Having to pay for the sort adds a little bit of overhead, but it's not that significant.

Should READ DIR be Sorted By Default?

WASI in WebAssembly is looking to chase down sources of non-determinism and see what it can do to stop it. They mention directory listing order as one potential for problems:

Roadmap to determinism in WASI · Issue #190 · WebAssembly/WASI · GitHub

They seem to believe that on the same OS the directory ordering would be deterministic for the same files, but I don't know of any guarantee of that.
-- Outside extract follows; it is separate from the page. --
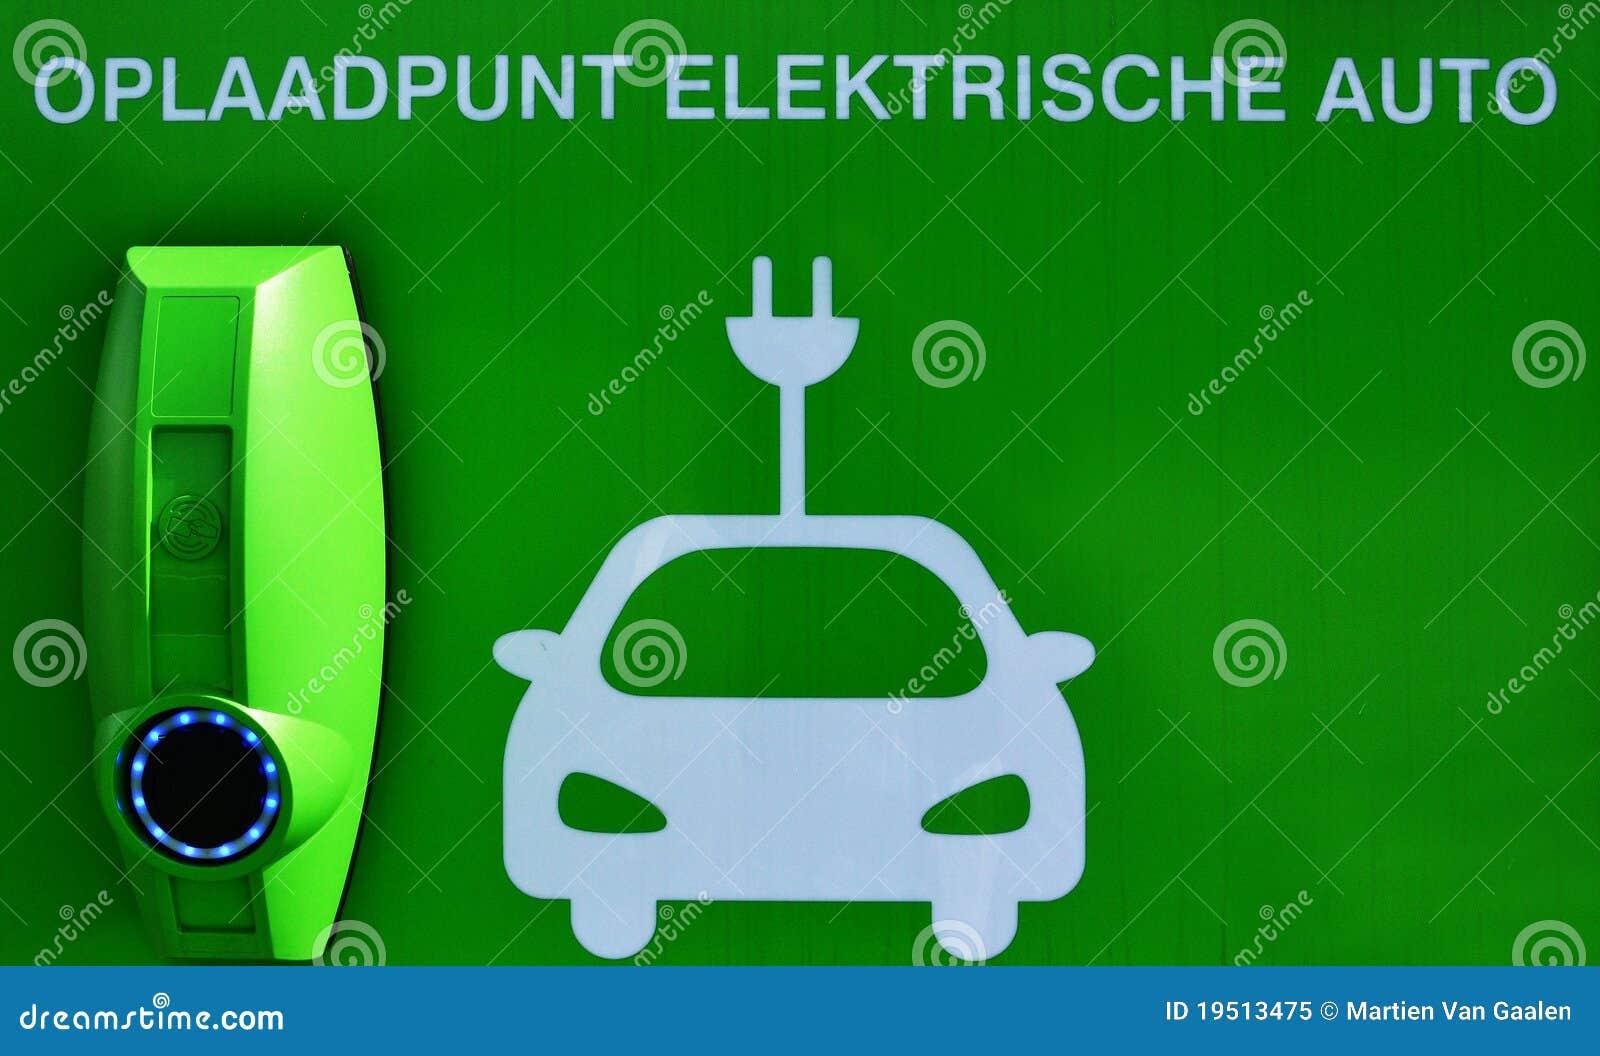 Point de charge pour les véhicules électriques.

All This Points to Bigger Issues About Reproducibility

We can pick many examples... like whether a MAP! will always enumerate in the same order on different platforms, or with the same contents. Using a deterministically sorted implementation of map would seem to have a number of advantages.

Especially since there's a growing push in software for giving deterministic outputs by default. If you want some reasoning, see this article:

Determinism in software engineering • Buttondown

The more testing one does, the more important it seems.
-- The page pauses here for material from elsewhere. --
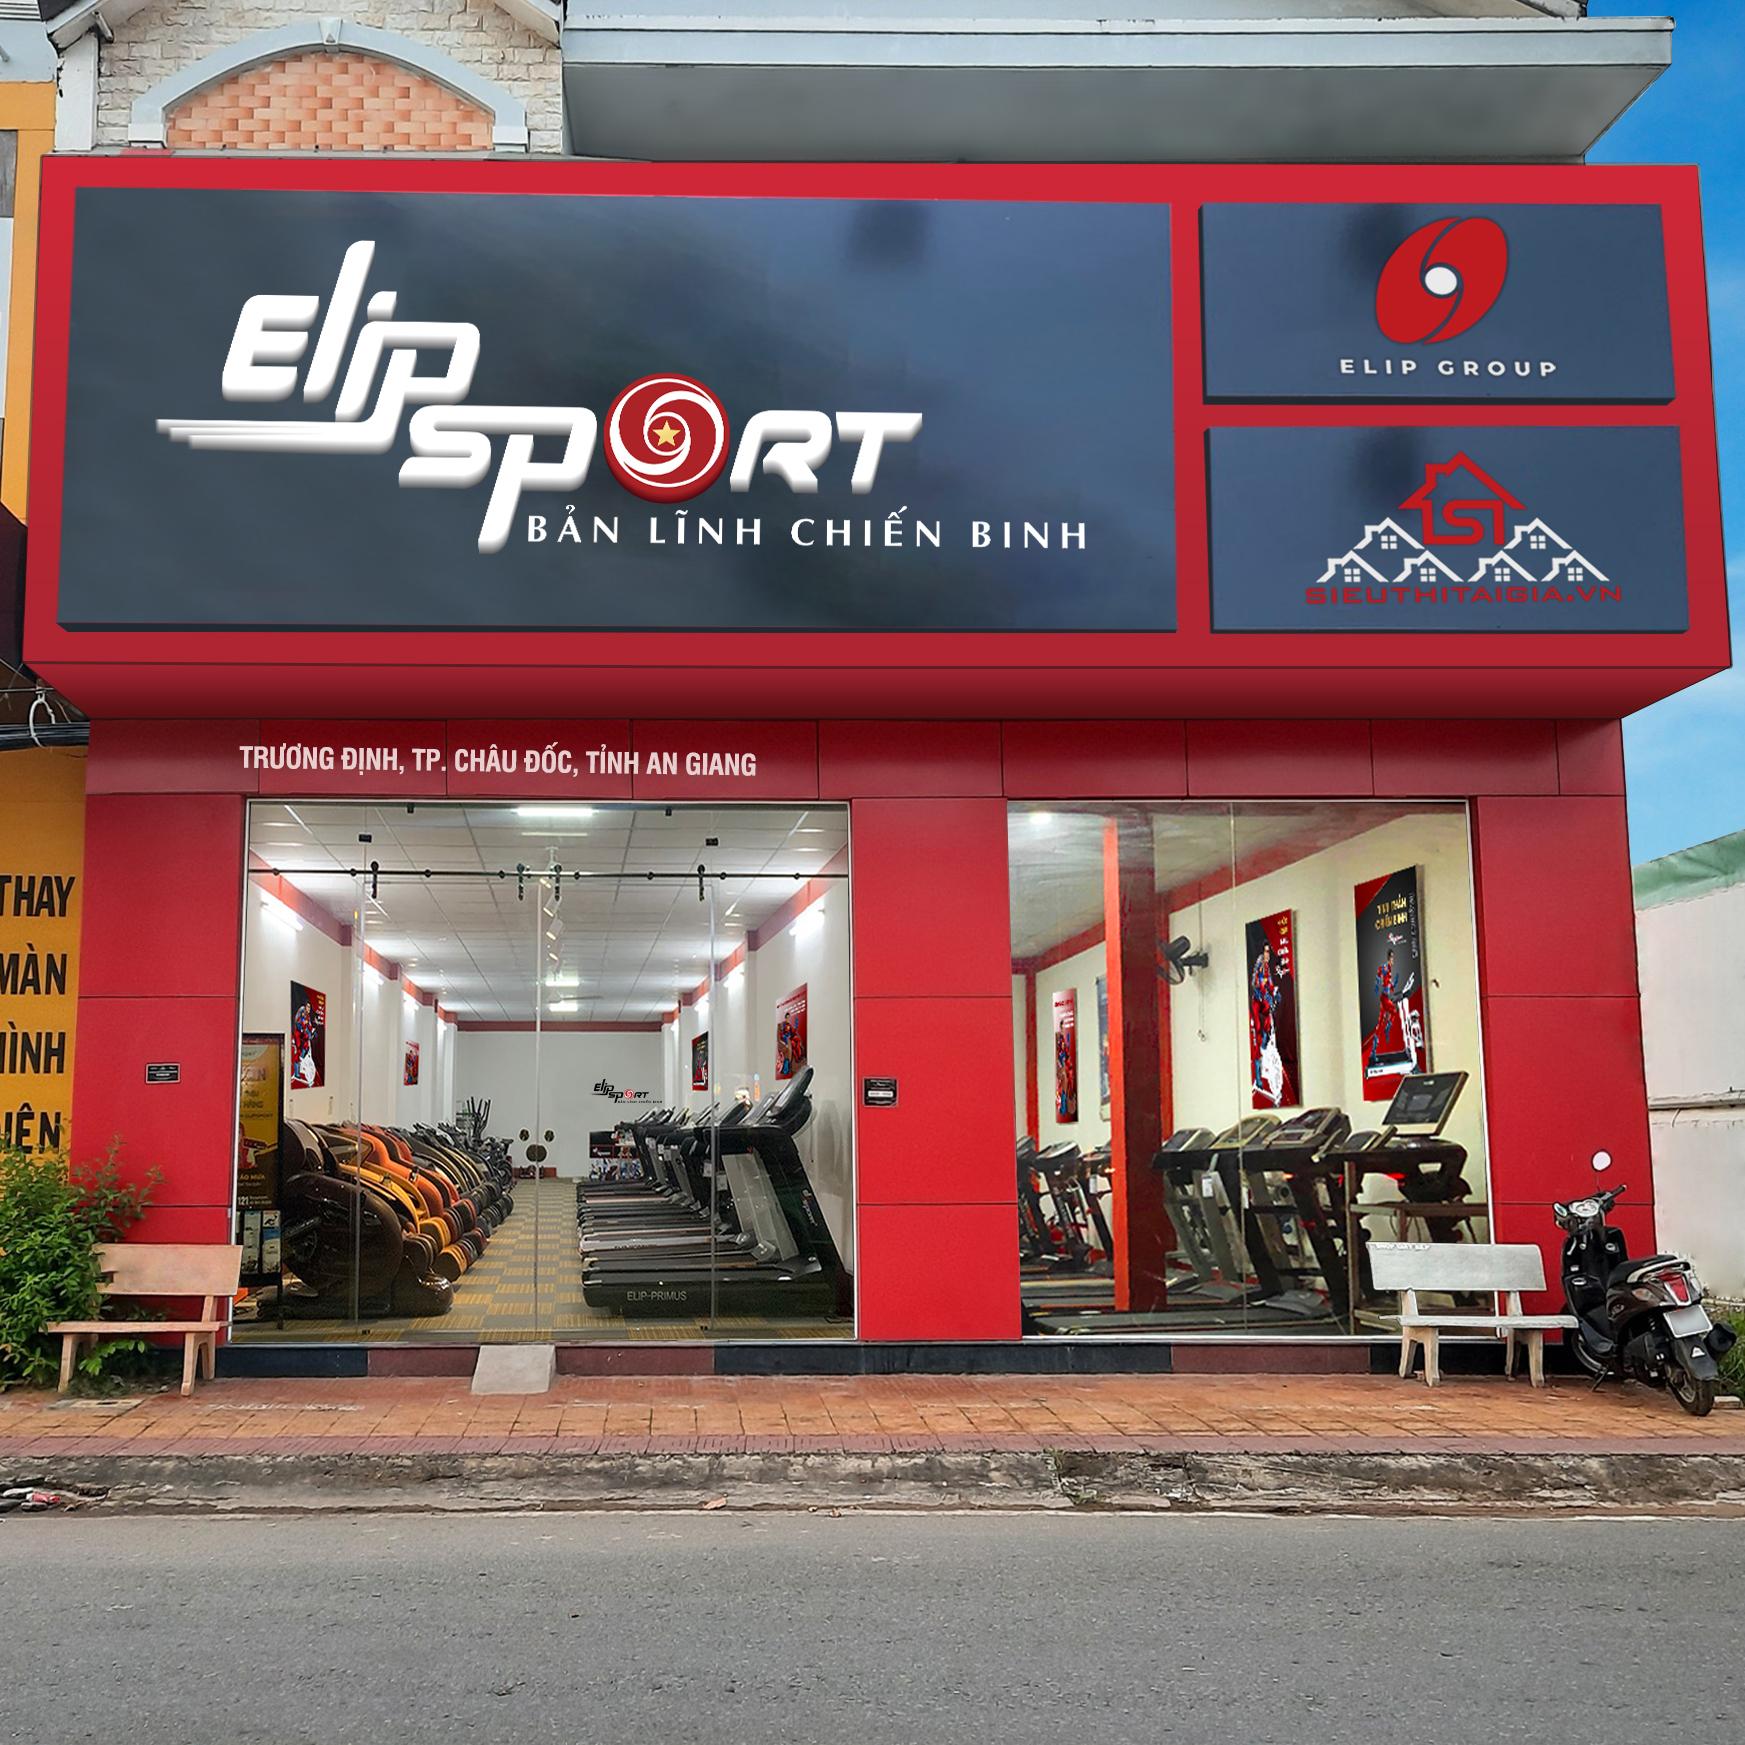 Hình ảnh của chi nhánh Elipsport Tp.Châu Đốc

If I'm not mistaken in SQL, there is no expectation of the result set coming back in a consistent order unless you specify so in the SQL. You would use an ORDER BY clause to do this:

Domain-SQL>> select 'name 'date from %tests/file-tests/ where 'size > 100 and 'date = 26-Jul-2021 order by 'name asc

The options in this clause are ASC (ascending) or DESC (descending) based on the chosen column.

2 Likes

I happened across an article discussing what someone felt was lacking in Go:

An unordered list of things I miss in Go — kokada

The title is a joke about how the only option for enumerating maps was to use one with a randomized hash. They felt there should be an option without a third party library where you can explicitly ask for an ordered map.
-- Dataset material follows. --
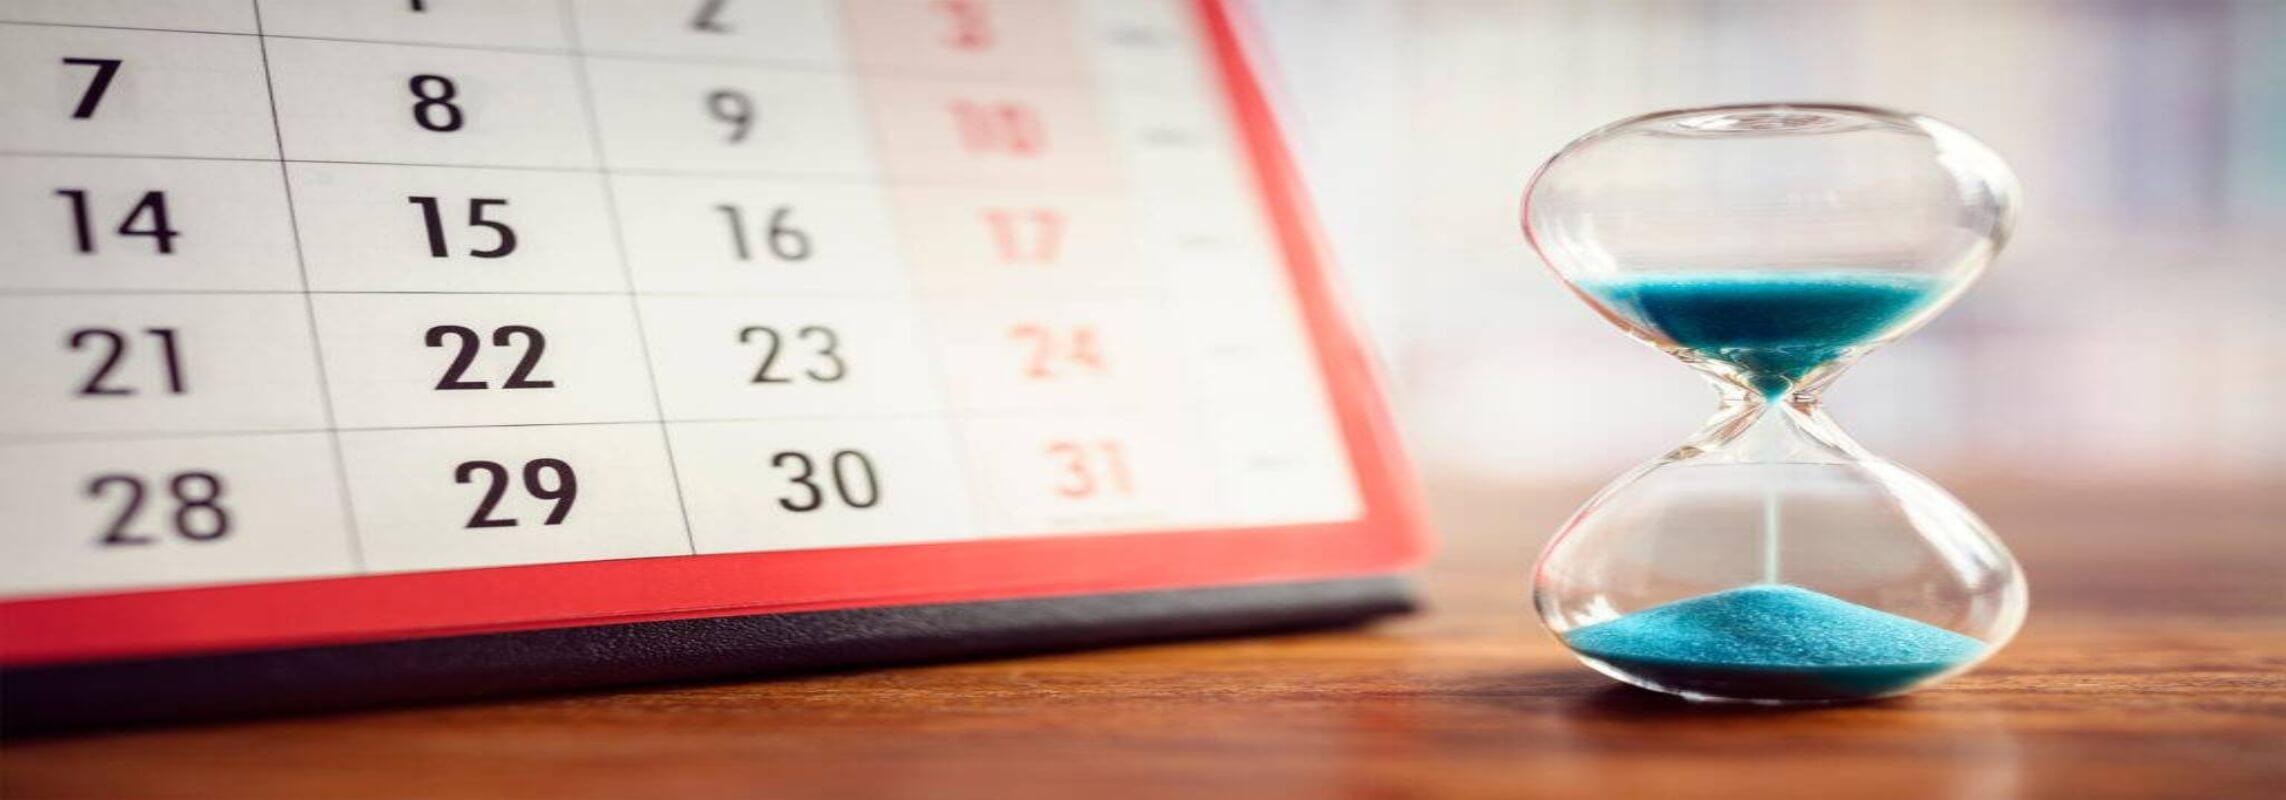 a calendar and an hour glass

It also links through to mention that as of Python 3.7, the standard "Dict" dictionary preserves the insertion order:

[Python-Dev] Guarantee ordered dict literals in v3.7?

My historical biases coming from C++ would likely to have been for Go's choice: to actually force randomization in order to prevent people from depending on something they don't care about. This helps fuzz test and make sure the default doesn't overspecify to prevent optimizations of the structure.

But for a higher-level interpreted language in the space of something like Python (or Rebol), that tradeoff may not be the right one for modern concerns.